I thought I understand the idea behind the dual graphs, but when it came time to implement, I hit a wall.

  // split the square into n polygons
  partitionedShape = PGS_Processing.equalPartition(square, numPolygonsInSquare);

  // Convert to dual graph
  dualGraph = PGS_Conversion.toDualGraph(partitionedShape);

I did this, but immediately received a type mismatch:

cannot convert from SimpleGraph<PShape,DefaultEdge> to PShape

Turns out I don’t understand what a dual graph is and that type confused me. But trying to find any more information about it yielded no results. I thought I just needed to initialize dualGraph as type SimpleGraph, but then it says that class “SimpleGraph” does not exist. Where does SimpleGraph come from? I know it’s returned by toDualGraph(), but that’s about all I know.

I feel I need to have a better understanding of all these elements with regards to dual graphs, before I can continue thinking about code.

///

It’s not all failure though, I did manage to achieve a result close to what I envisioned:

After partitioning I just check each polygon and see if any of it’s vertices lies ON or OUTSIDE of the original squares edges.

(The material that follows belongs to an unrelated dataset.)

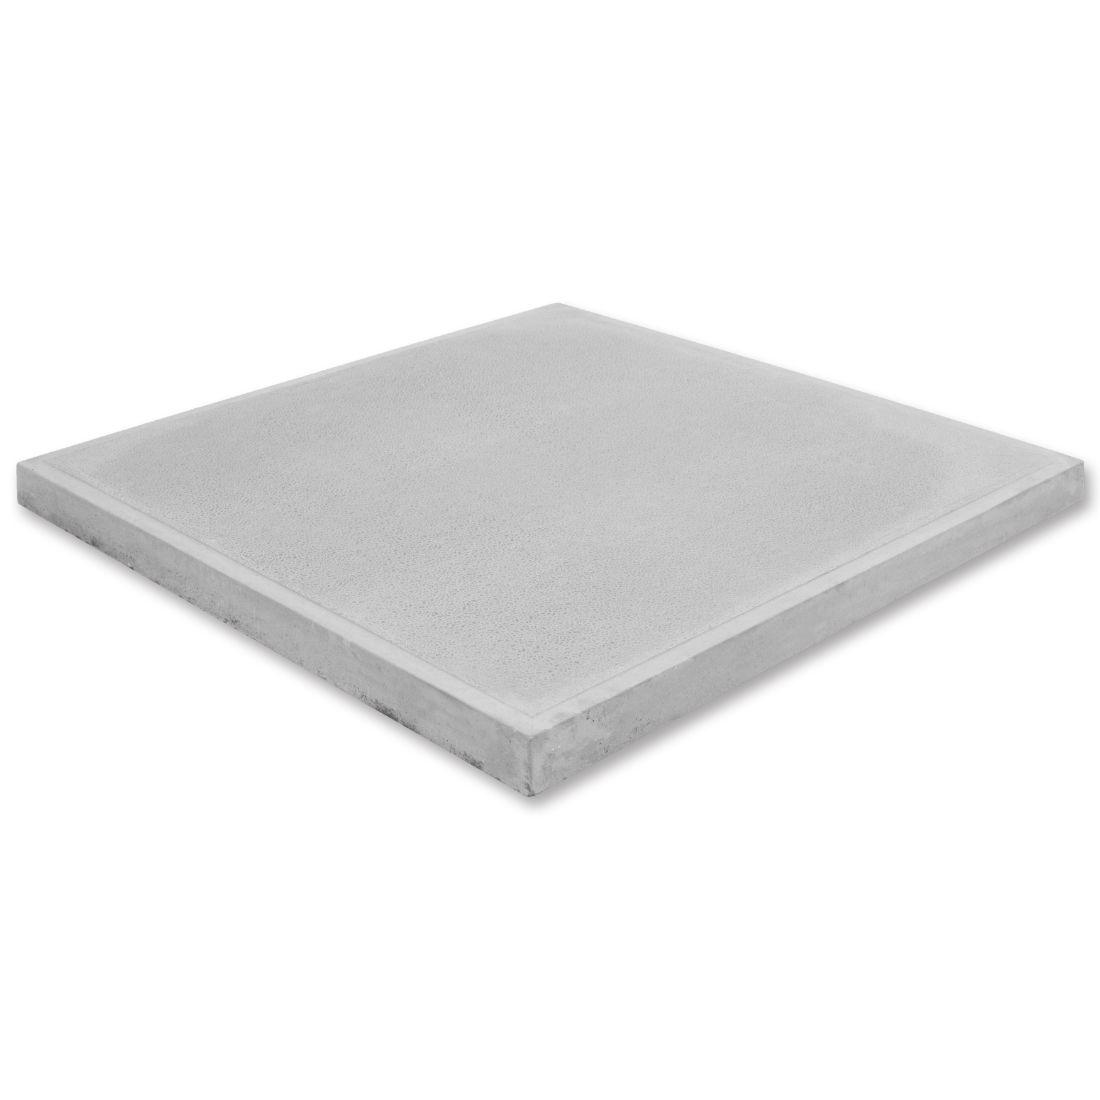 Viltorio Concrete Paver 600 x 600 x 37mm Natural Stone
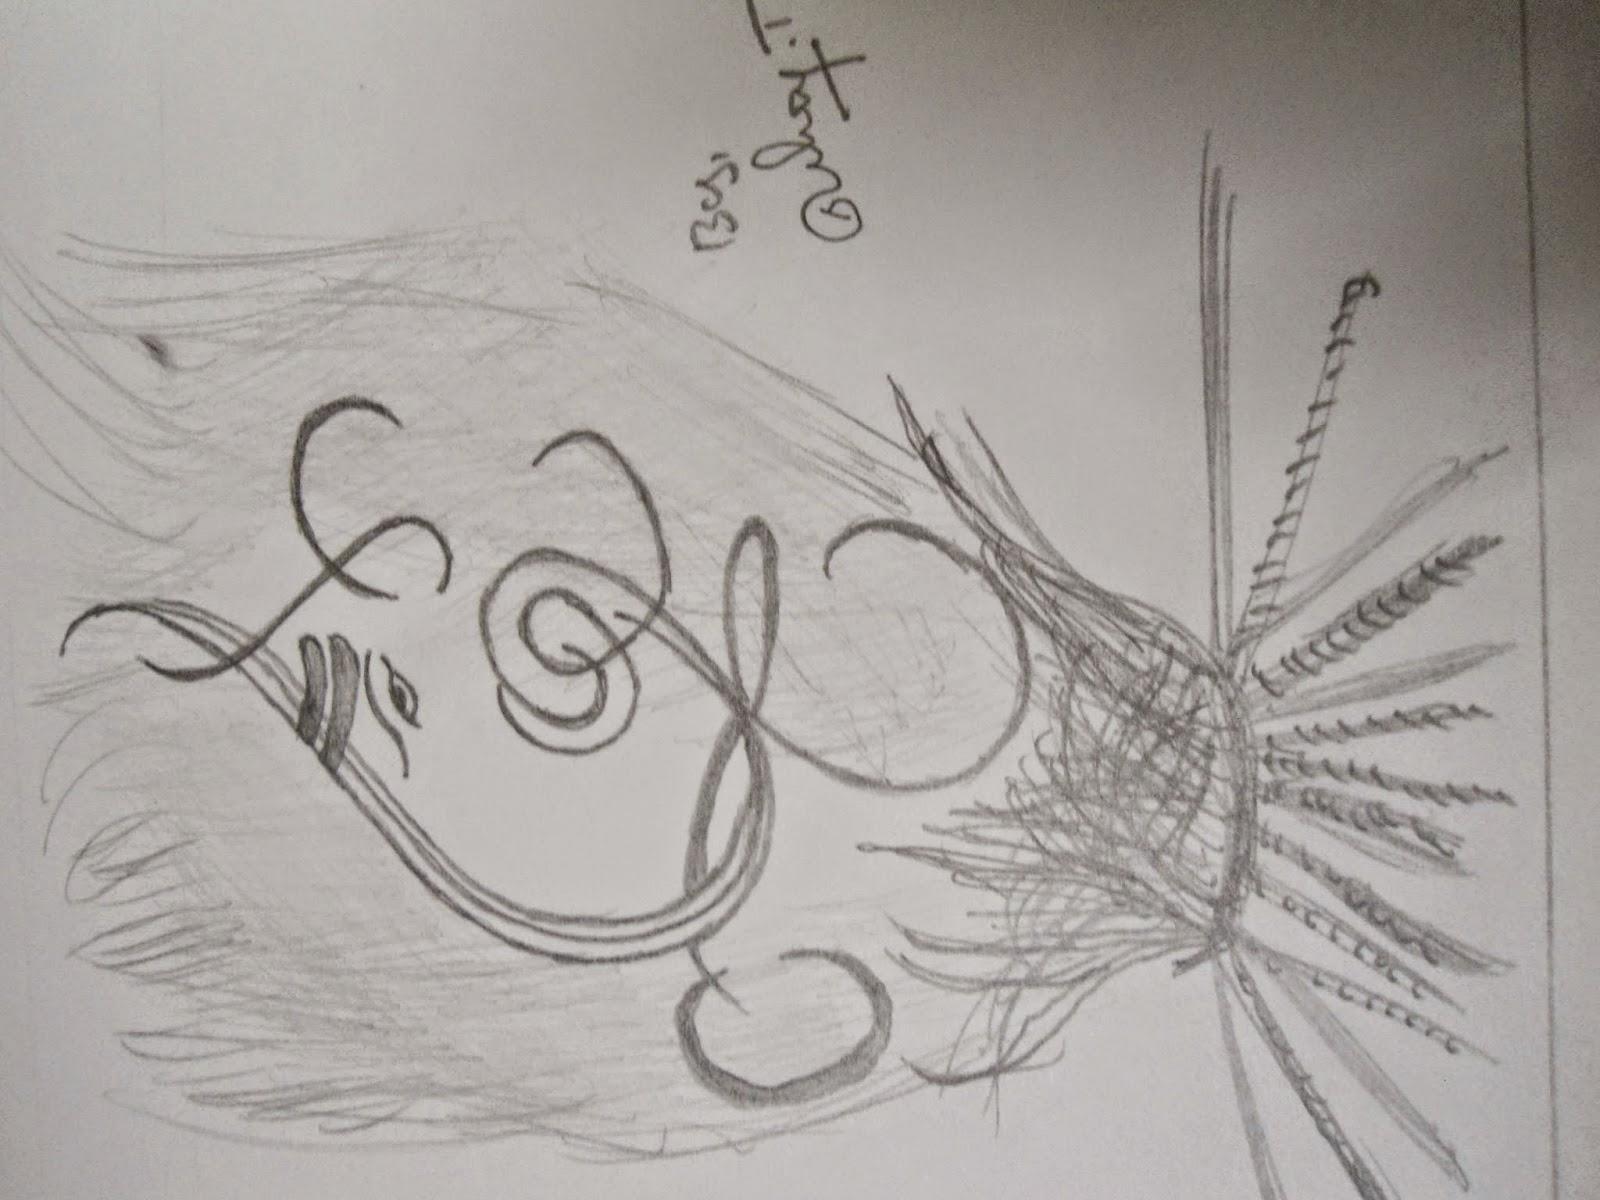 Some more pencil drawings and pencil sketching images of lord ganapathi ganesha ganapathy

// determine if a polygon is an outer polygon
boolean isOuterPolygon(PShape polygon) {
  // Check if any of the vertices of the polygon are on or outside the edges of the square
  for (int j = 0; j < polygon.getVertexCount(); j++) {
    PVector vertex = polygon.getVertex(j);
    if (vertex.x <= 100 || vertex.x >= 700 || vertex.y <= 100 || vertex.y >= 700) {
      return true; // is on the outer ring
    }
  }
  return false; // is not on the outer ring
}

Minus the odd snaggle-tooth poking out, this is close to what I wanted. But… it only works for square orientantions, no slanted orientations.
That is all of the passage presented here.